### Work item
All pictures are to be omitted while the lines starting at the line with "The surf along Cottesloe beach" and ending at the line with "Free Final Fantasy XVI Wallpaper in 1600x900" in the material below are retyped exactly, both ends included.

### Input material
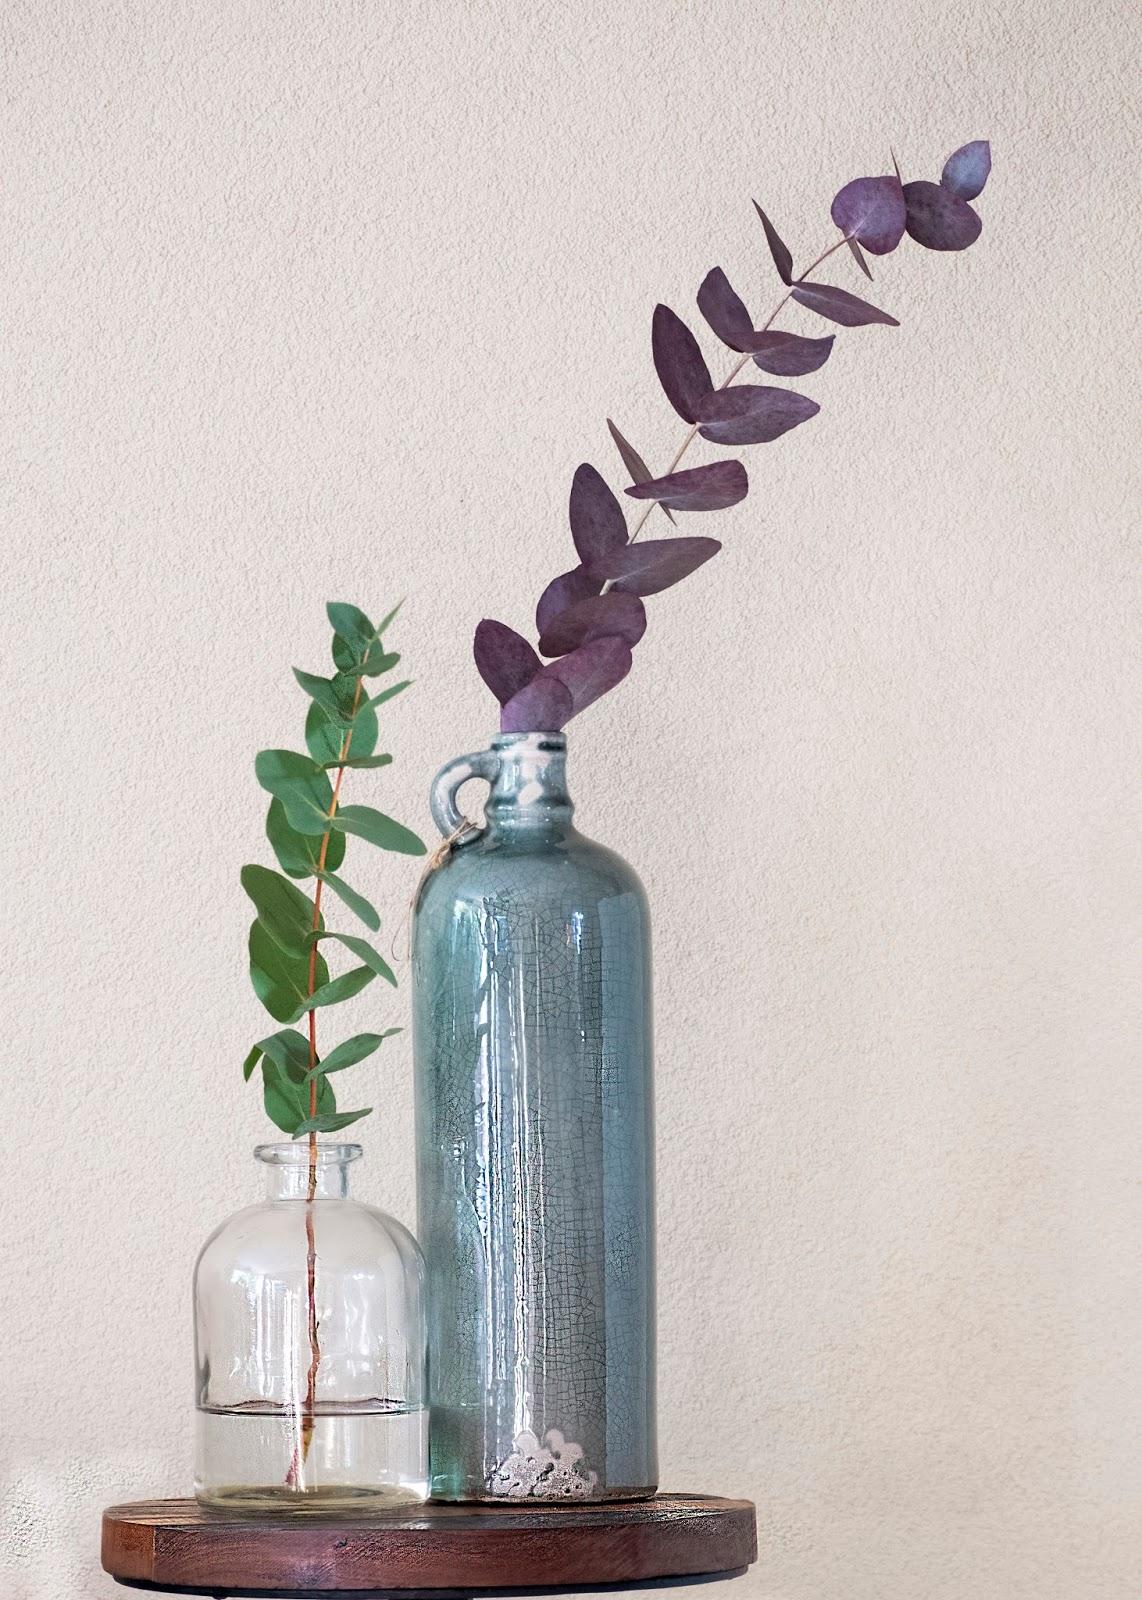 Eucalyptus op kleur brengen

---

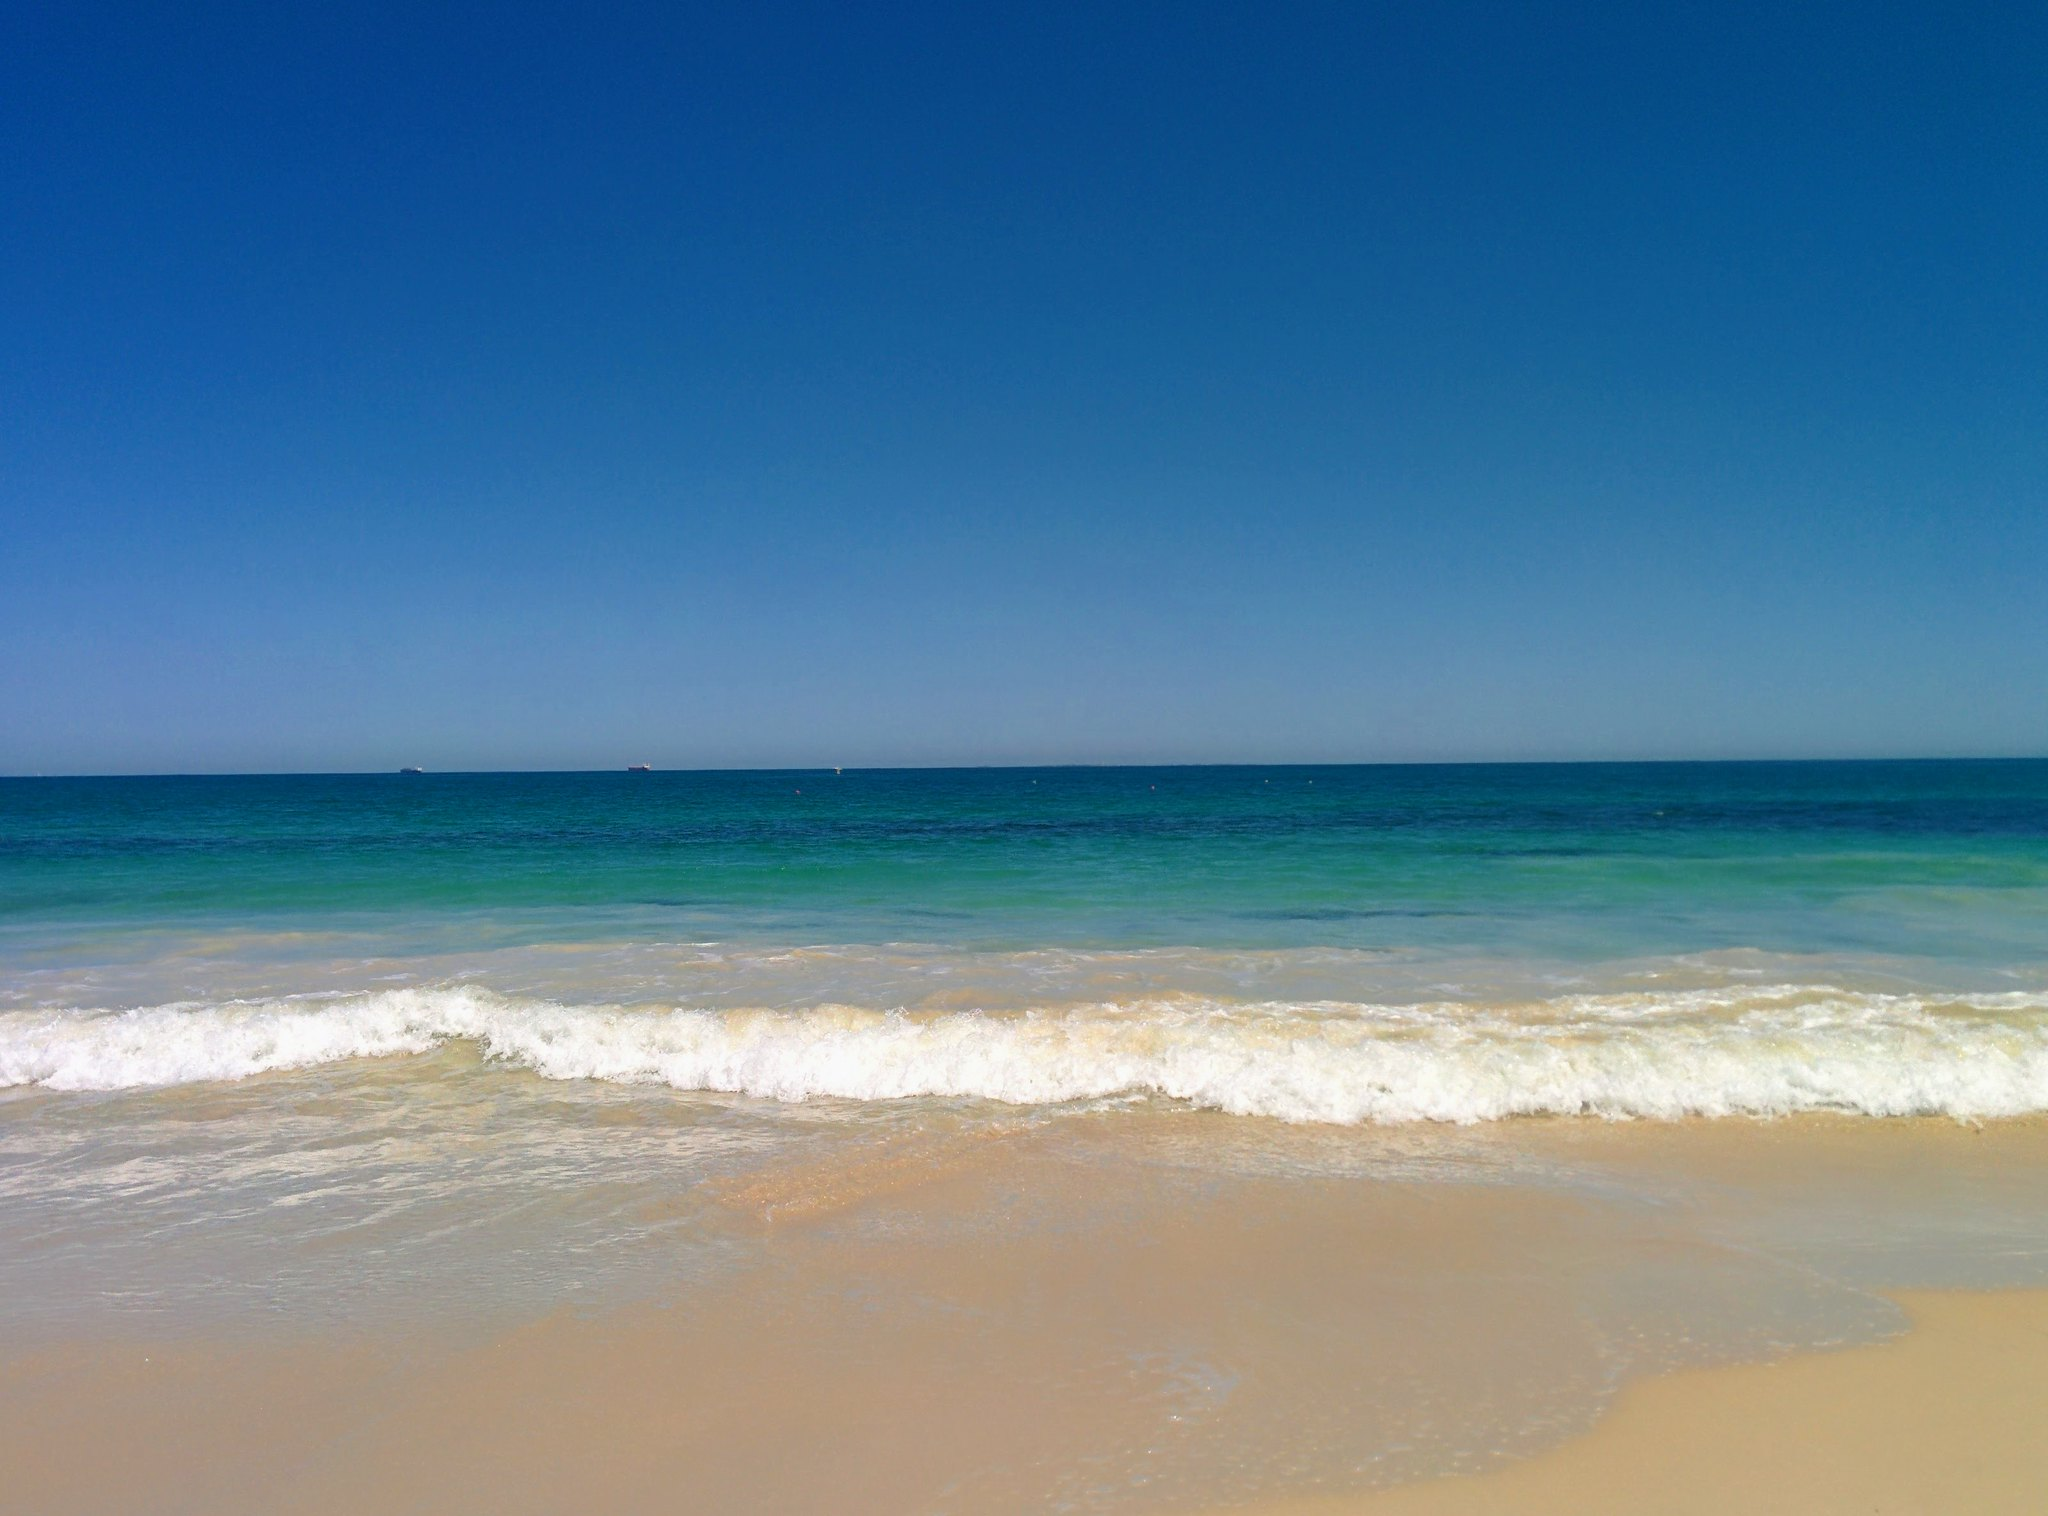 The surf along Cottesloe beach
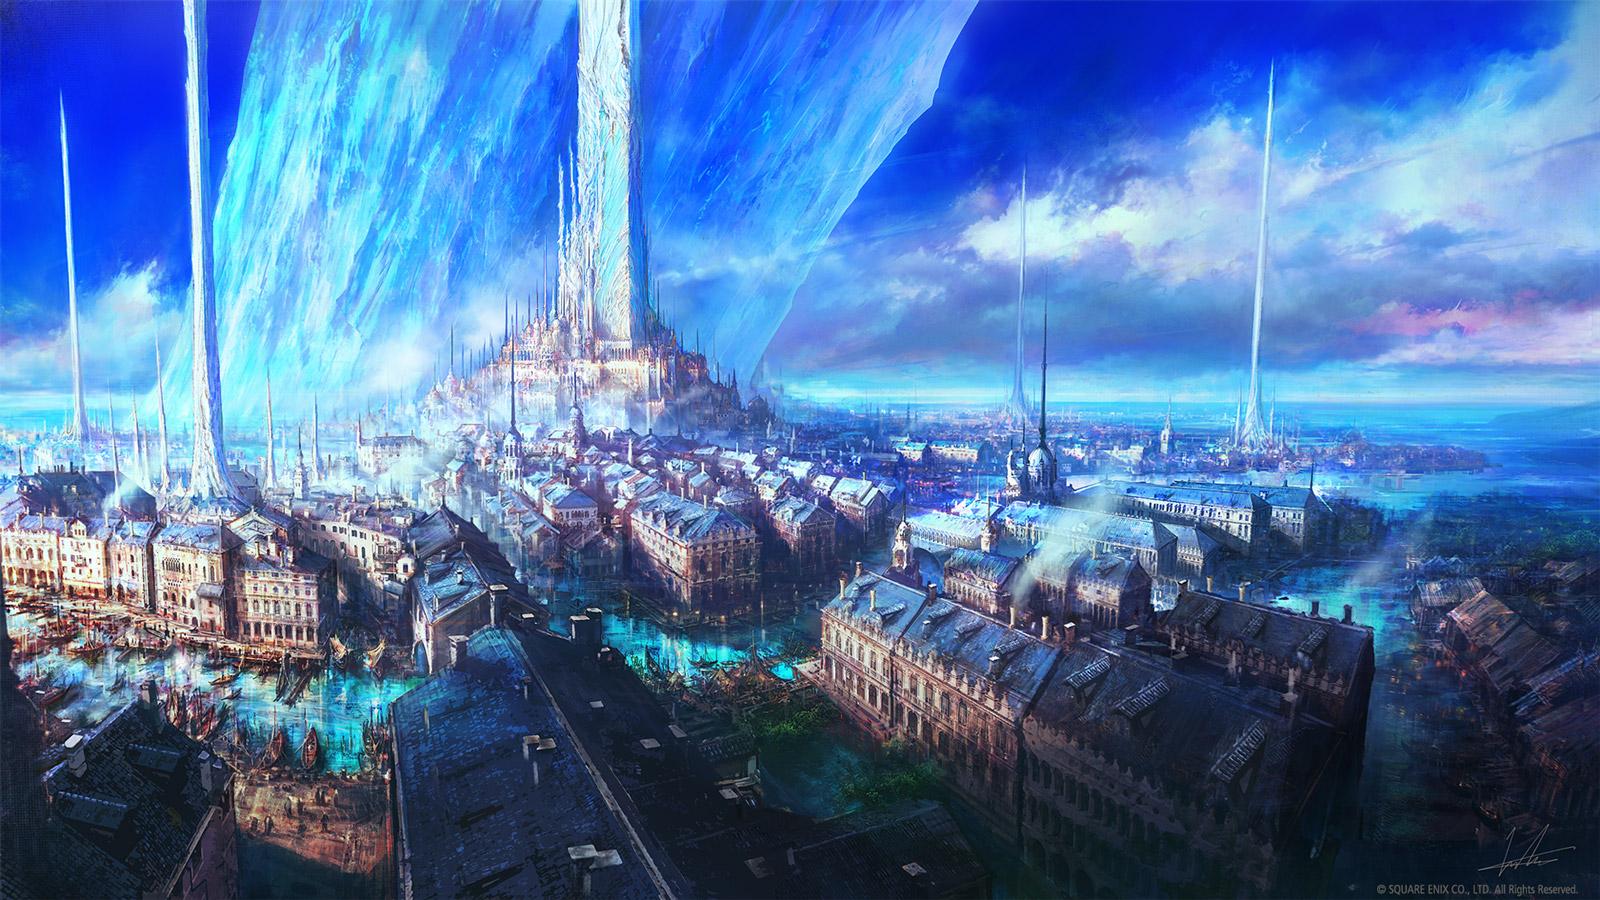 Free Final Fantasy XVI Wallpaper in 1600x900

### Output of the task
 The surf along Cottesloe beach
 Free Final Fantasy XVI Wallpaper in 1600x900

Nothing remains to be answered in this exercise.